Would you please repeat all of the data exactly, omitting the pictures?

• **Data block**
┏━━

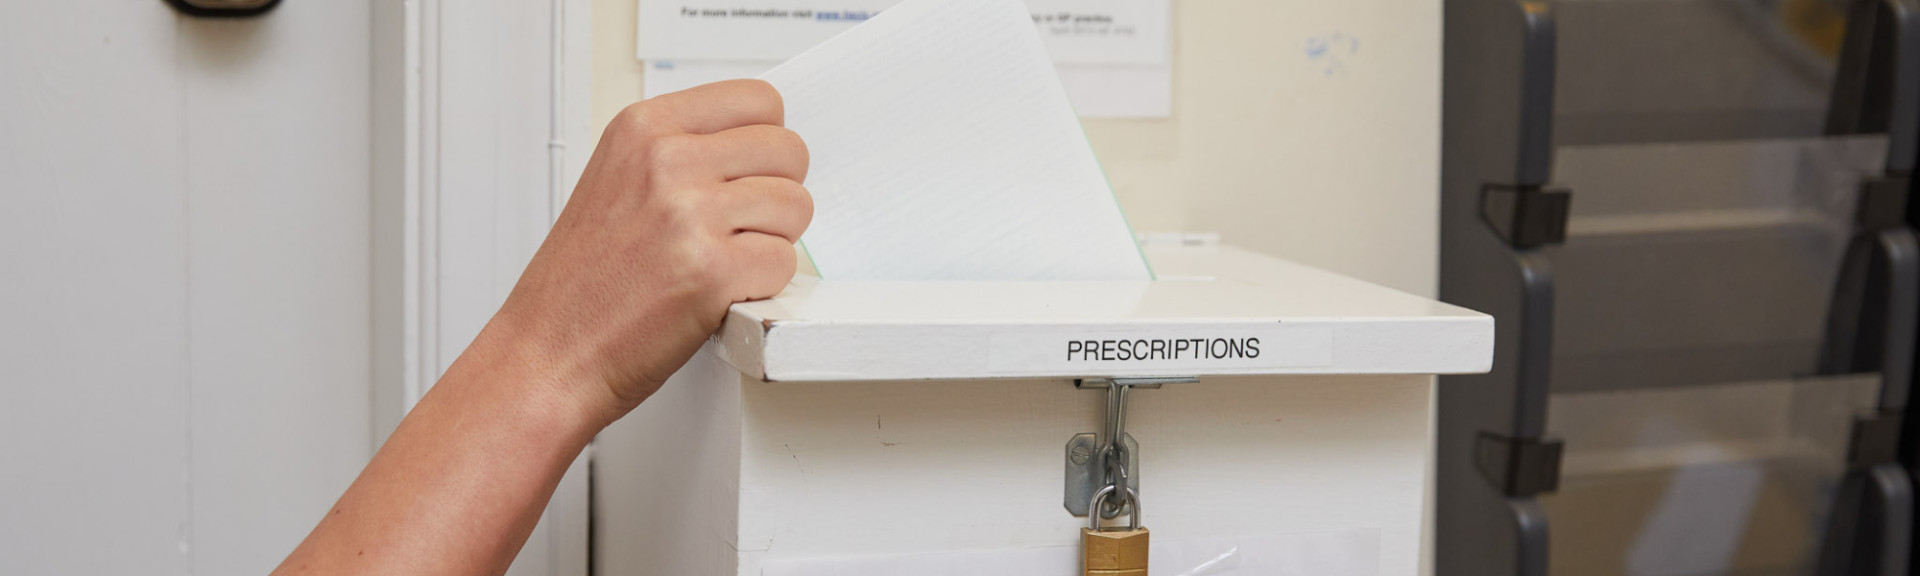 A photo showing a prescription box in reception
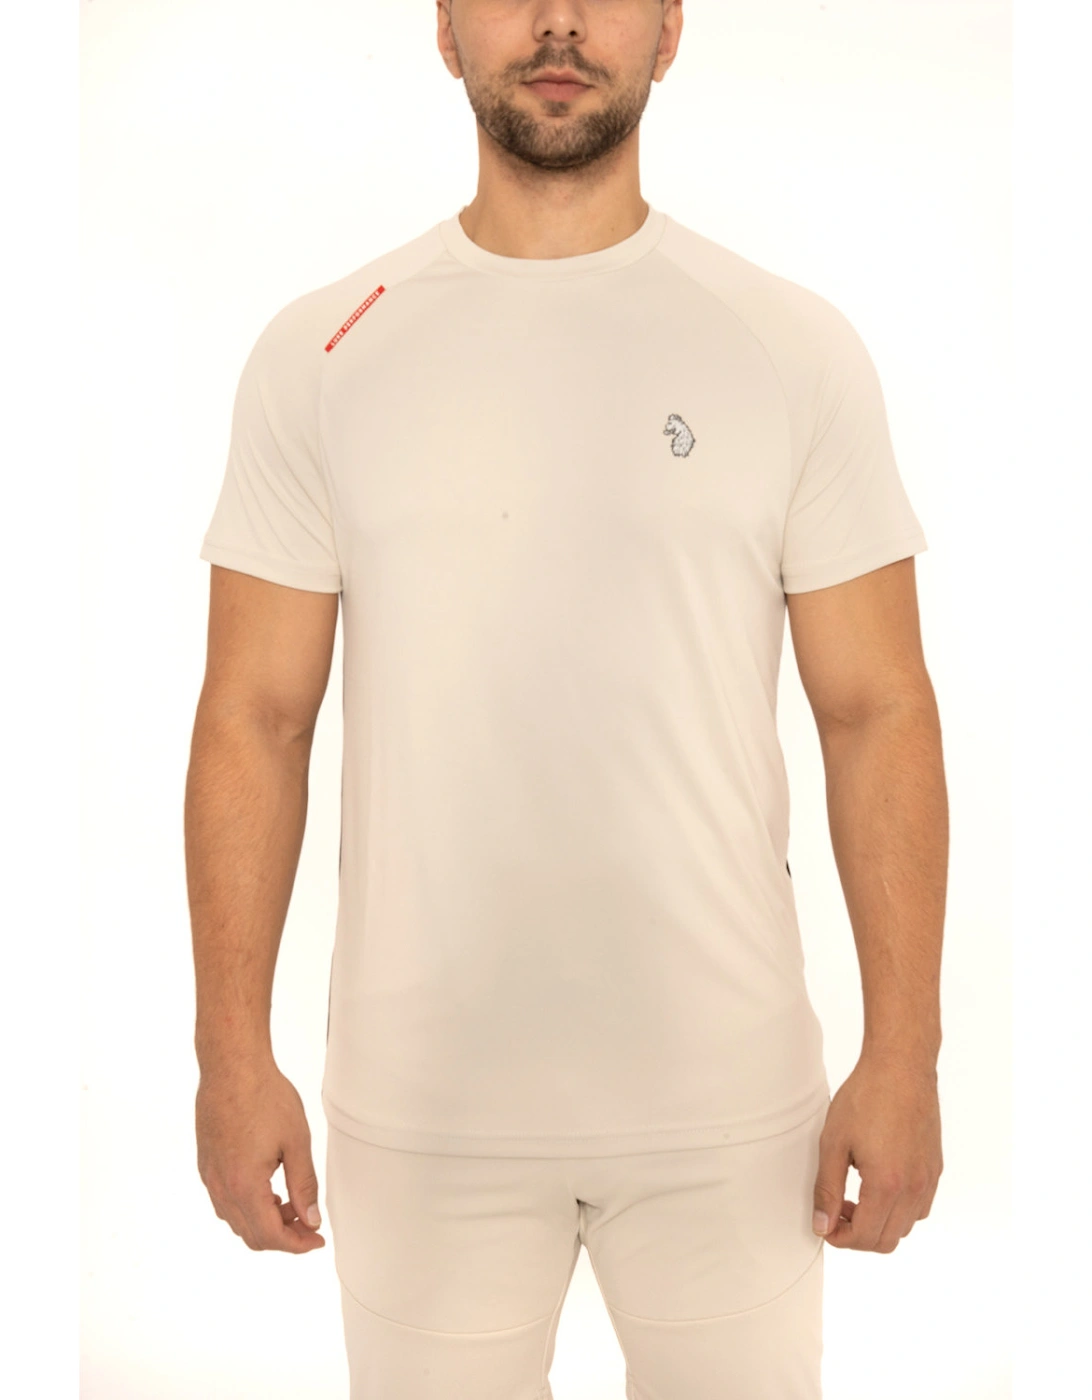 Luke Sport Mens Crunch Perfromance Jersey T-Shirt (Oyster), 8 of 7
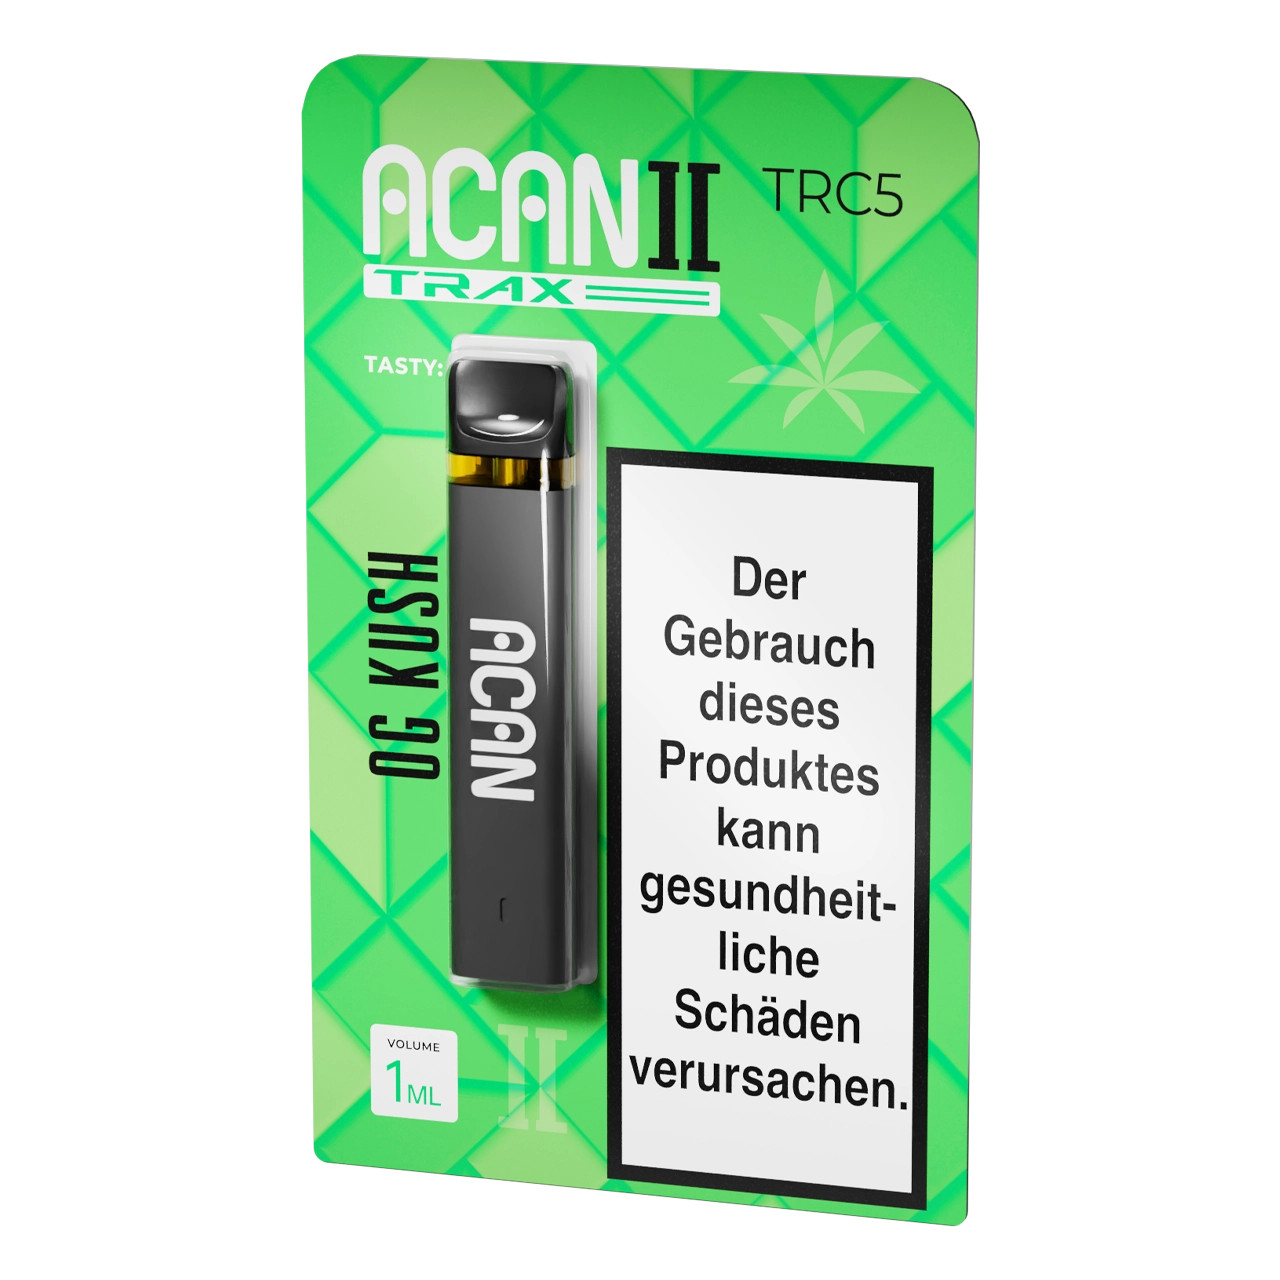 Acan Trax TRC5 Vape Einweg E-Zigarette OG Kush - 1ml

┗━━

• **Exercise output**
 A photo showing a prescription box in reception
 Luke Sport Mens Crunch Perfromance Jersey T-Shirt (Oyster), 8 of 7
 Acan Trax TRC5 Vape Einweg E-Zigarette OG Kush - 1ml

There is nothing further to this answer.